Well thanks to the 37 day rail shutdown in July, we know.
Looking at punctuality figures for the last 12 months, this tram route achieved its highest figures for the year in July — in fact my little archive of Track Record figures indicates it’s the best result since at least February 2009.
For comparison I’ve included similar routes in the area: trams 3 and 64, which share much of the track with route 67, but don’t have any level crossings, as well as route 72.
Some other observations from the figures:
- July punctuality was even higher than January, which is traditionally high due to quiet roads during school and university holidays. There was also a 9 day rail shutdown in January.
- The second-highest figure was June, which included the early part of the rail shutdown (from 25th June) — which also coincided with the school holidays
- The rail shutdown period resulted in heavier road traffic in the area. Some rail passengers switched to cars. Also notable were truck movements, and also bus movements, intersecting the tram line at Bambra and Grange Roads — this may have affected trams if Vicroads adjusted signal timing to assist buses. All this means tram punctuality might be even better with the crossing removed permanently and trains running.

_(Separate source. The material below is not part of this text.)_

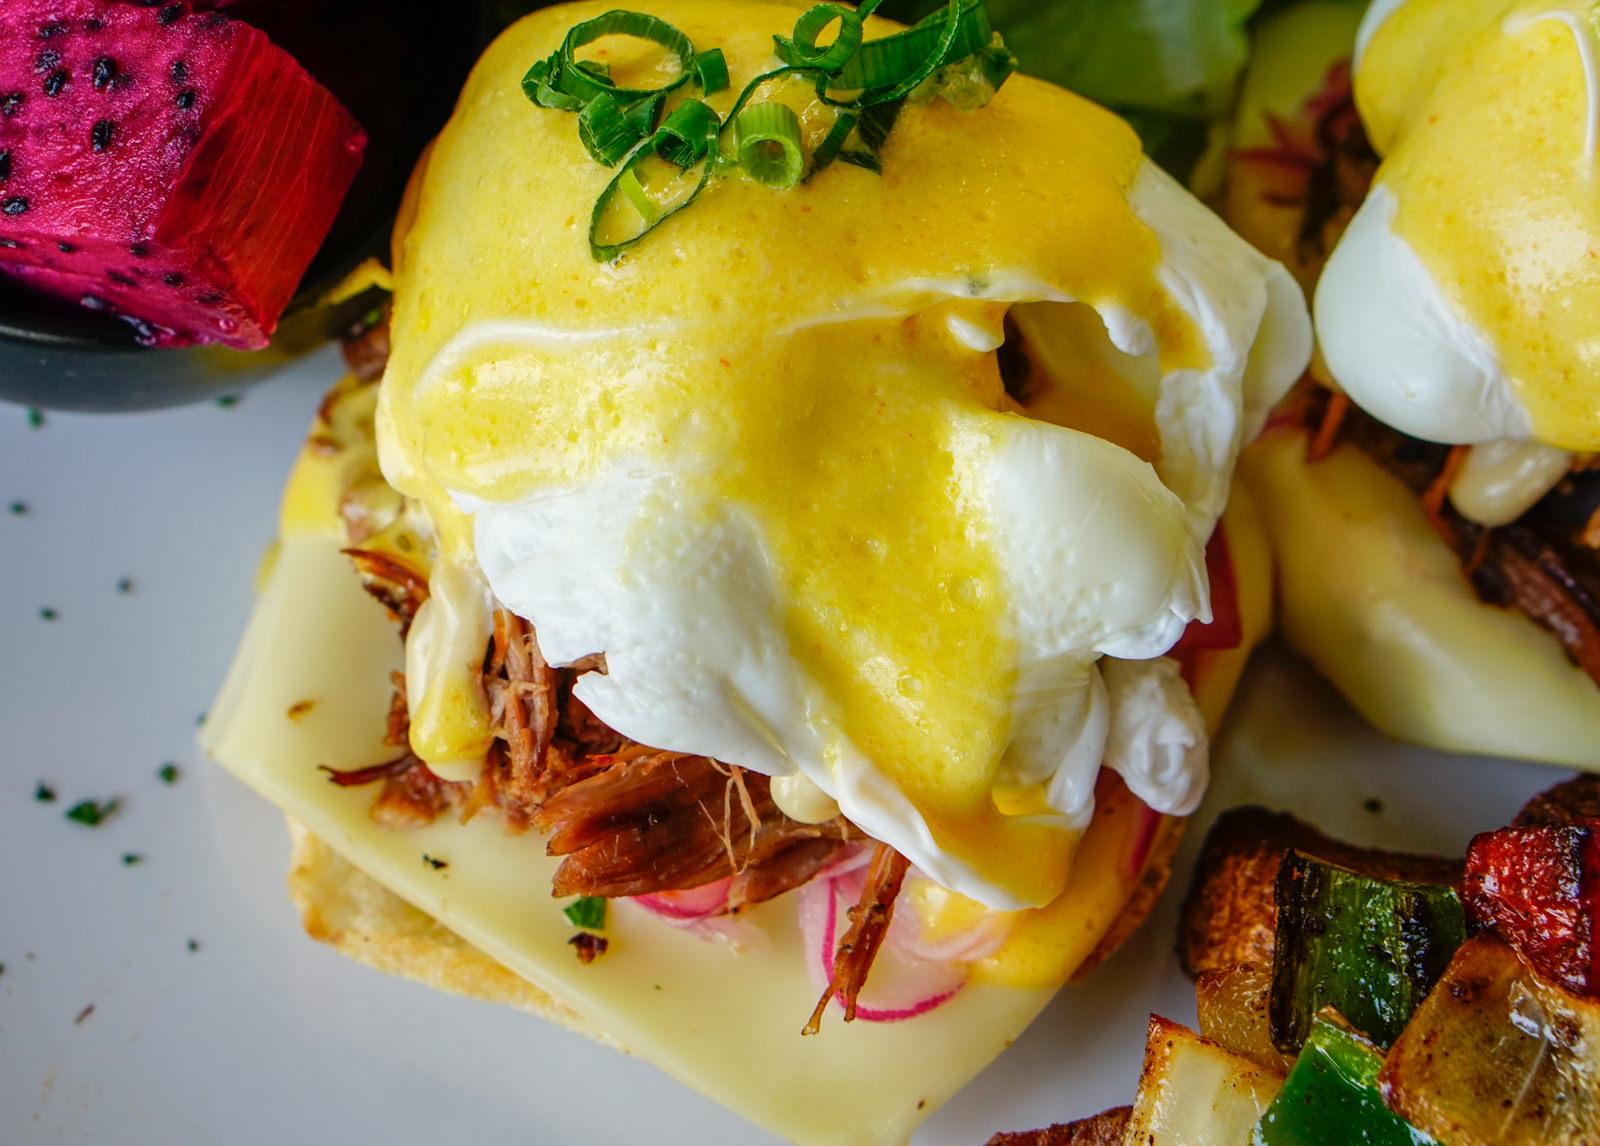 [高雄]BEAST Bar&Grill野獸美式餐廳-外國人超愛!道地美式早午餐 滿意的超大份量 高雄早午餐推薦 @美食好芃友

- All the tram routes on the graph show a similar pattern — with July 2015 and March 2016 being particular lowlights. It probably reflects the sections they have in common, along St Kilda Road and Swanston Street.
- In most months, route 64 has the best punctuality figures. Unlike the others, it has dedicated lanes for most of its route, all the way from Melbourne University to the corner of Hawthorn Road in Malvern. It also doesn’t run through any busy shopping centres; just some minor ones. It’s still not outstanding though (peak from last 12 months is 86.7% in January), perhaps reflecting the lack of traffic light priority along the route — something in common with almost all tram routes in Melbourne.
- The green line along the top is route 67 Timetable Delivered (aka the inverse of cancellations). This didn’t seem to be affected in the same way as punctuality.
- Route 72 until January included the Gardiner level crossing, since grade separated. As noted in a previous blog post, this has not resulted in a huge uplift in punctuality, but that route suffers severe traffic challenges along parts of its route, particularly in the Camberwell and Prahran shopping centres, arguably worse than the other routes shown. (Burke Road removal does seem to have improved train punctuality.)
We know from route 72 that level crossing removal won’t solve all of a tram route’s punctuality problems, but it does appear that removing the Glenhuntly crossing would help the tram a fair bit. It would also help trains (especially expresses), since they have to slow down when crossing the tram tracks — it’s the slowest single point on the Frankston line.
And of course, level crossing removal also helps pedestrians, cyclists and emergency vehicles — as well as buses (on nearby Neerim Road, which would have to be done as well given its proximity) and motorists.
But to really speed up trams, we still need action on traffic light priority to reduce the red light time affecting trams.
- Footnote: in the top photo, I broke my own rules about photographing LED displays; need a longer exposure time.
- Buses along Neerim, North, Mckinnon and Centre Roads would also have been affected (with the latter three permanently benefiting from the project), but we don’t know how much, because no punctuality figures are published for them.
- Glen Huntly and Neerim Roads aren’t on Labor’s list of 50 crossings to remove by 2022. Personally I hope the community and governments (of both sides) will have got a taste for these projects, and they’ll continue a rolling program of grade separation until all the worst ones, including these, are gone.